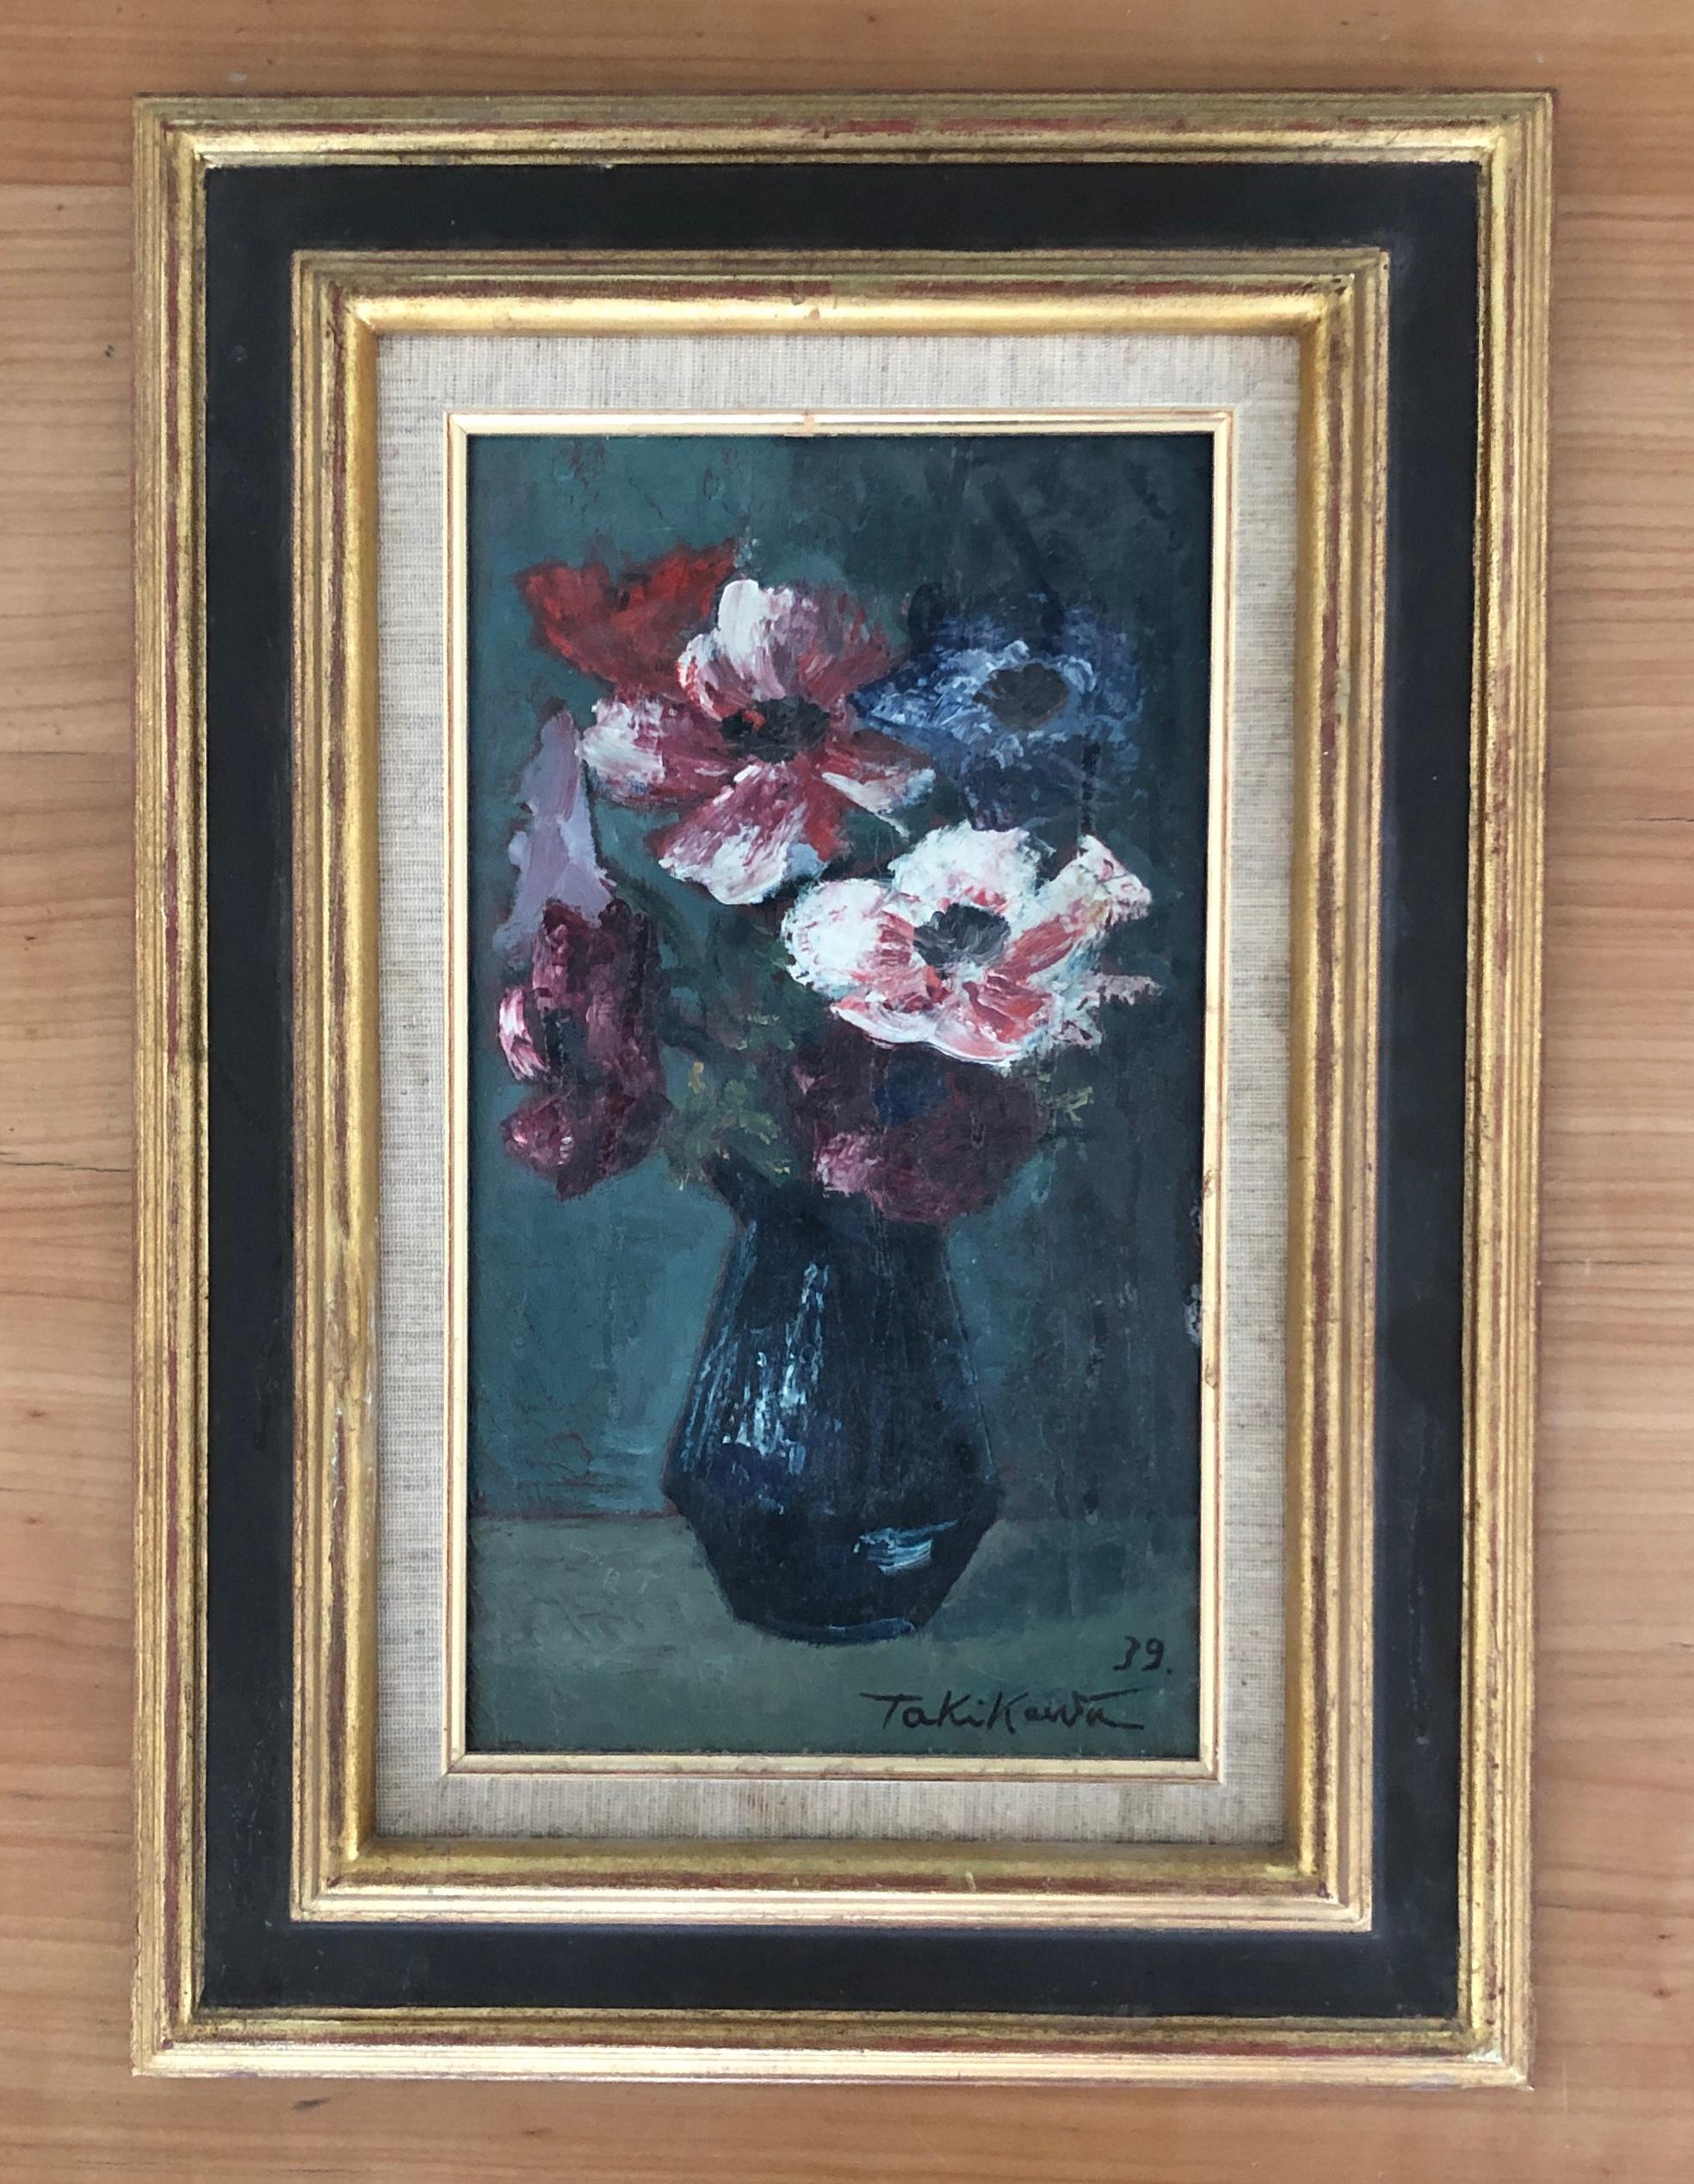 Bouquet of flowers in vase - Painting by Takikawa
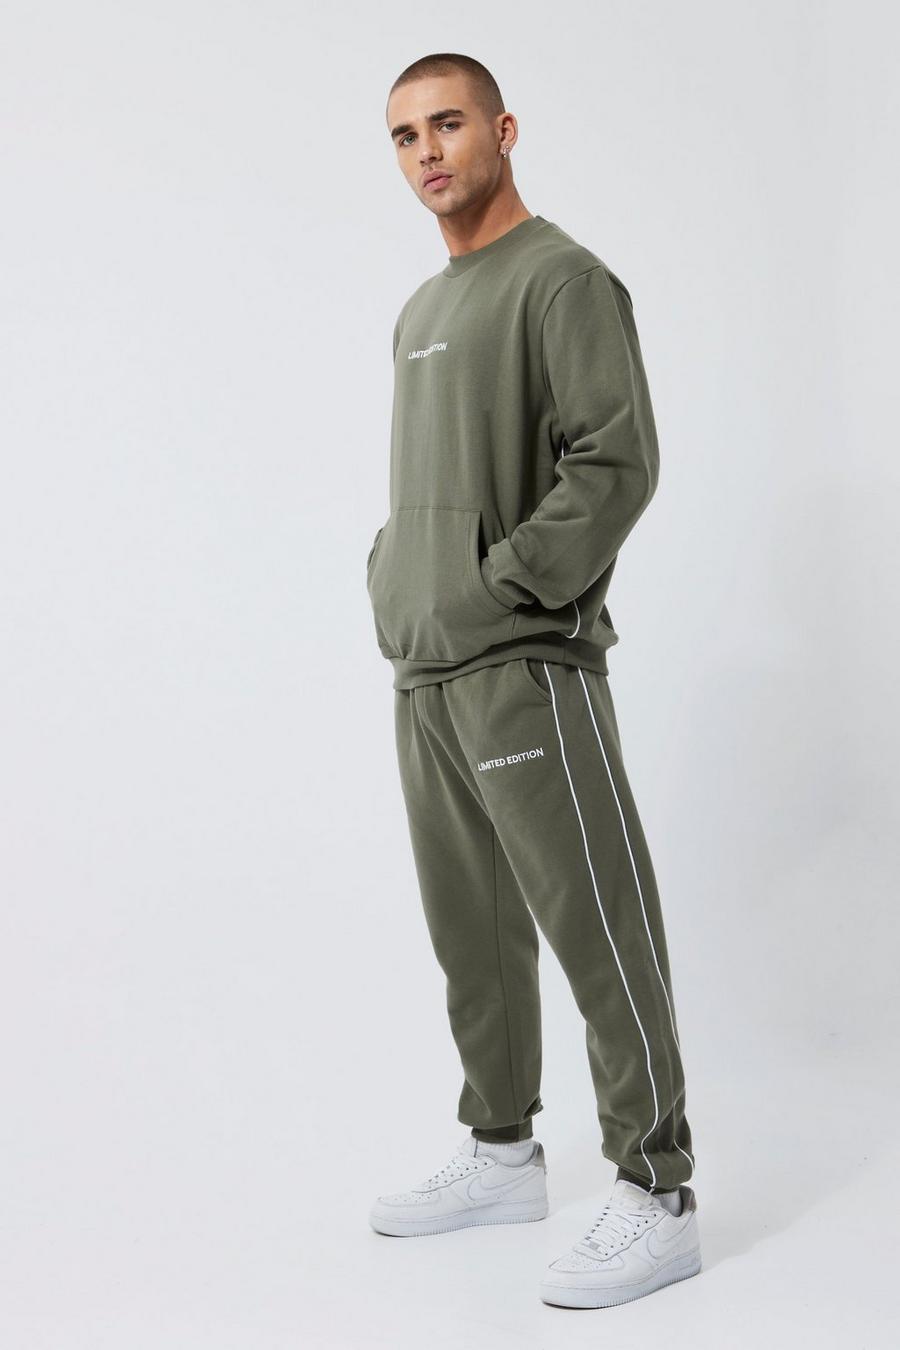 Olive green Lightweight Limited Piping Sweatshirt Tracksuit
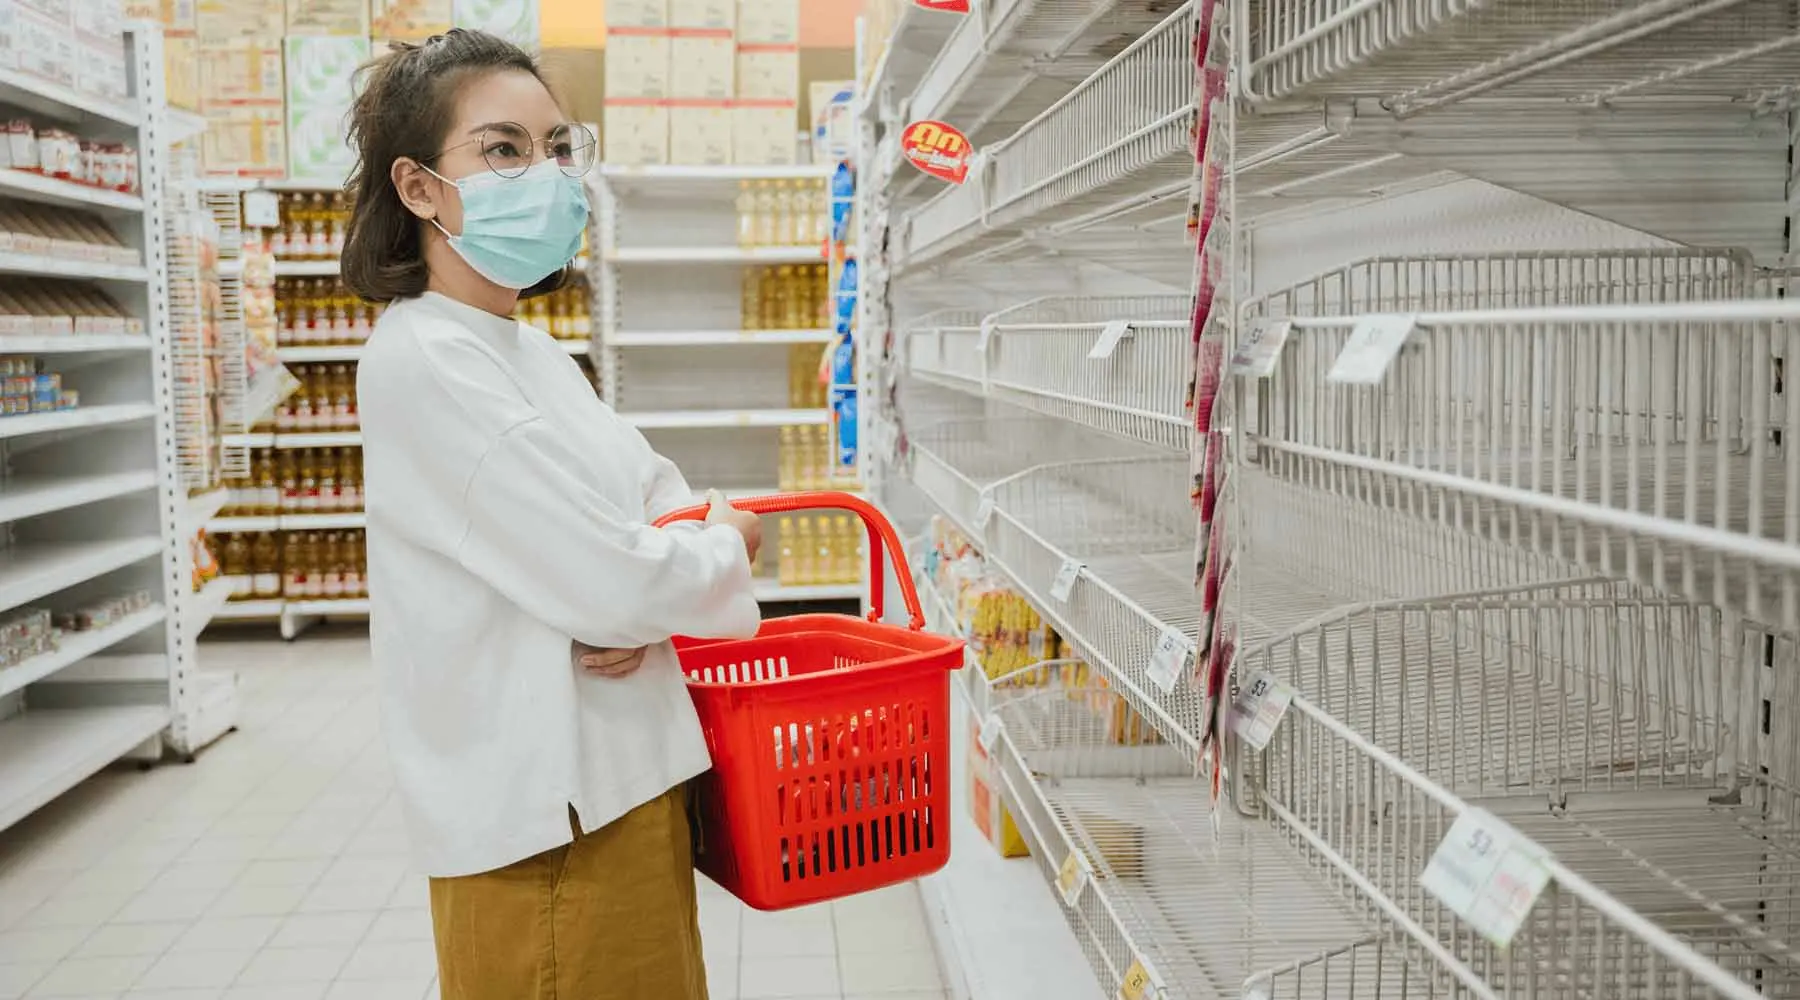 Stock shortages: Where to go when your supply of household essentials runs low

### [ASSIGNMENT]
Give back exactly the lines from the one that contains "Olive green Lightweight" to the final line of the data above, both included, with all pictures removed.

### [SOLUTION]
 Olive green Lightweight Limited Piping Sweatshirt Tracksuit
 Stock shortages: Where to go when your supply of household essentials runs low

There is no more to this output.